白聿城猩红的眸子似乎无形地在诉说的着一切。
可当他开口时,却是违背内心的话。
“是。”
“还是你狠。”骆泽讥讽:“你放心,我不会把你的事情告诉苏黎的,至于你要怎么将人赶回去,我无权干涉。”
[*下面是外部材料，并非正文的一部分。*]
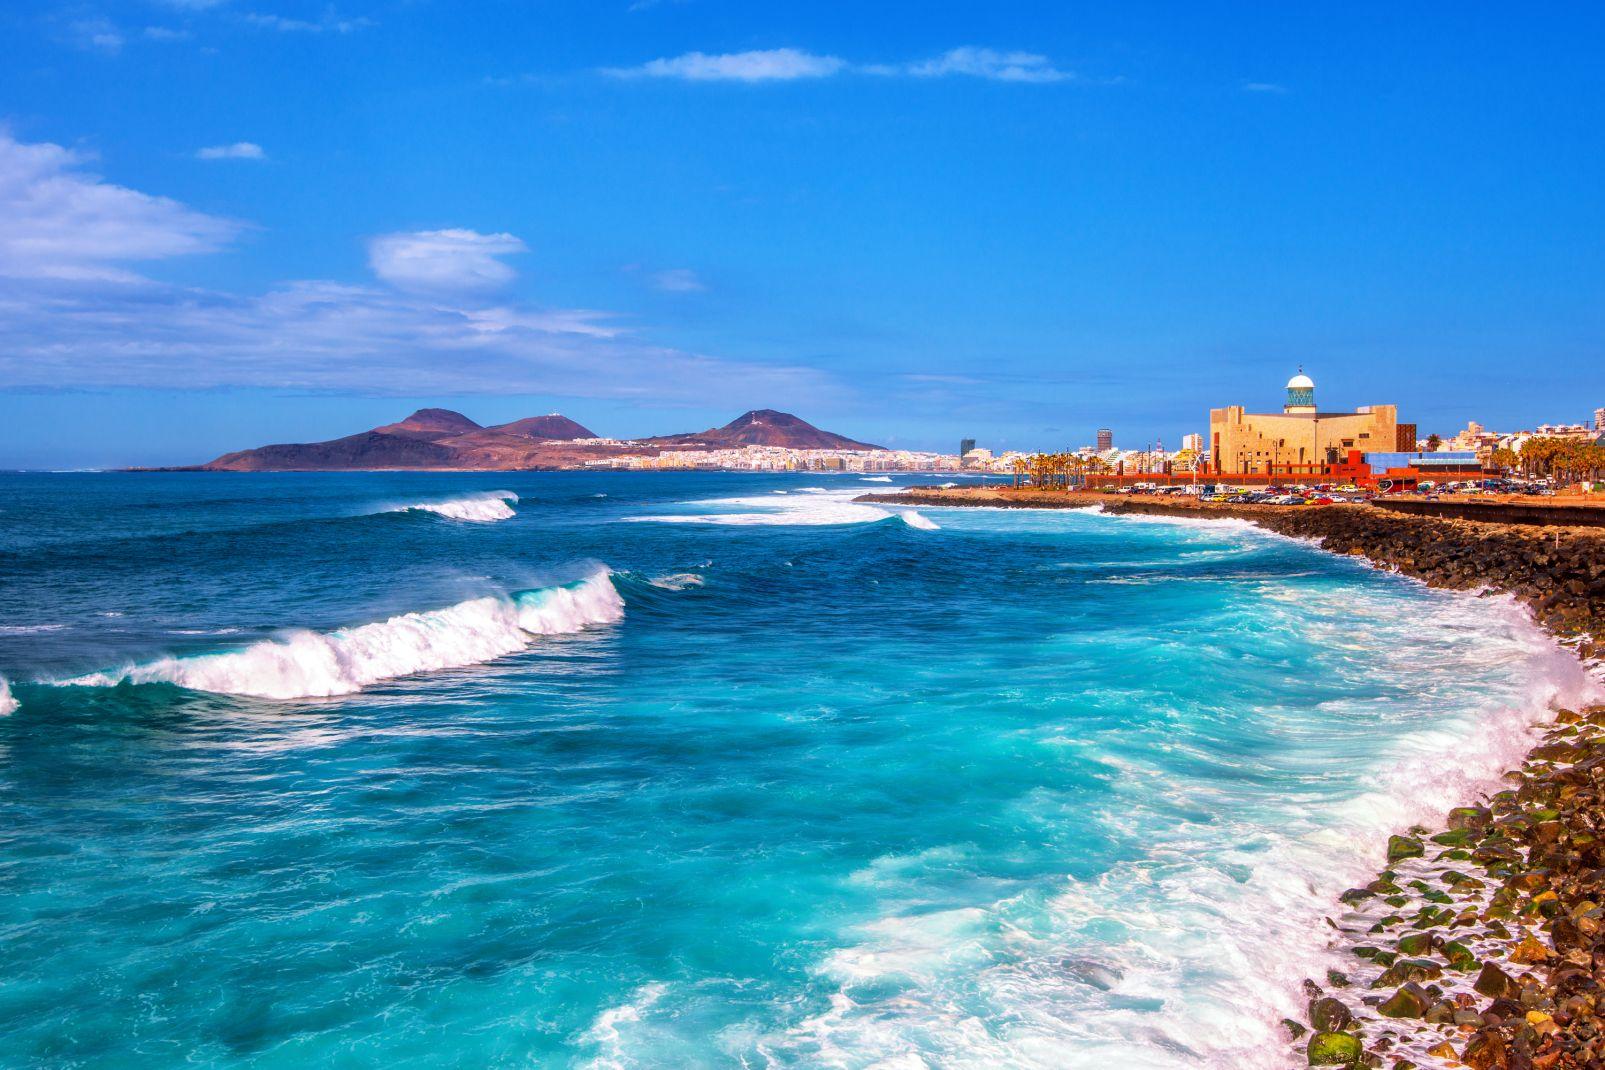 canaries, archipel, île, espagne, europe, méditerranée, gran canaria, grande canarie

骆泽被白聿城的执着气的有些郁结,背过身就要离开,但想到来这里的目的,骆泽无奈地叹气转身:“今晚,墨羽组的局,记得来。”
“至于苏黎……你要不要带随你。”
—
骆泽离开暮园大概过去了一个小时。
坐在书房里发呆的白聿城才起身重新回到客厅。
看着苏黎抱着保证坐在客厅里看电视。
受伤的腿靠在一旁。
那姿态要多有惬意就有多惬意。
不知道的以为,这是在苏黎的家也不为过。
注意到白聿城的靠近,苏黎这才收敛一些,将腿收了收,乖巧的坐在沙发的一角,嬉皮笑脸地拍了拍身边的空处:“来坐,一起看电视。”
白聿城点头,却是选择另一边的沙发坐下。
目光不自觉地就落在苏黎的脸庞上。
今天的天气说不上好,也说不上坏。
看着要下雨的天,却硬生生地扛到现在还未滴下一滴雨。
白聿城思忖了许久,最后没将那句邀请说出口。
苏黎隐隐察觉白聿城要说什么,可见对方的犹豫了许久后选择继续沉默。
苏黎眼底闪过一瞬的暗淡。
想起骆泽离开前的那段话。
“今晚白聿城的好兄弟墨羽组局派对,若是他心里可是还有记得一点你,必然会邀请你,若是没开口没说这件事,早点回海城吧。”
苏黎吸了吸酸涩的鼻子。
真的就要这样放弃吗?
可是,好不甘心。
明明白慕声就在眼前了……
“晚上我可能不在家,晚饭可能需要你自行解决。”白聿城开口。
苏黎表情有些僵硬,为了不被看出来强颜欢笑地回问:“你要去公司吗?”
“不是,朋友的聚会。”
“既然是聚会,可否带我去?”苏黎移动的位置,挪到离白聿城近一些的地方坐下,真诚的大眼眨巴眨巴着。
白聿城没说话。
趁着这还未拒绝的情况下,苏黎乘胜追击:“你都说我自行解决晚饭了,那既然你出去吃,我和你一起出去吃,也算是我自行解决了。”
“你倒是会钻空。”
苏黎眸底划过一丝苦笑,但很快的就销声匿迹。
就像夜空中划过的流星,一眨眼的功夫,就找不到它的痕迹。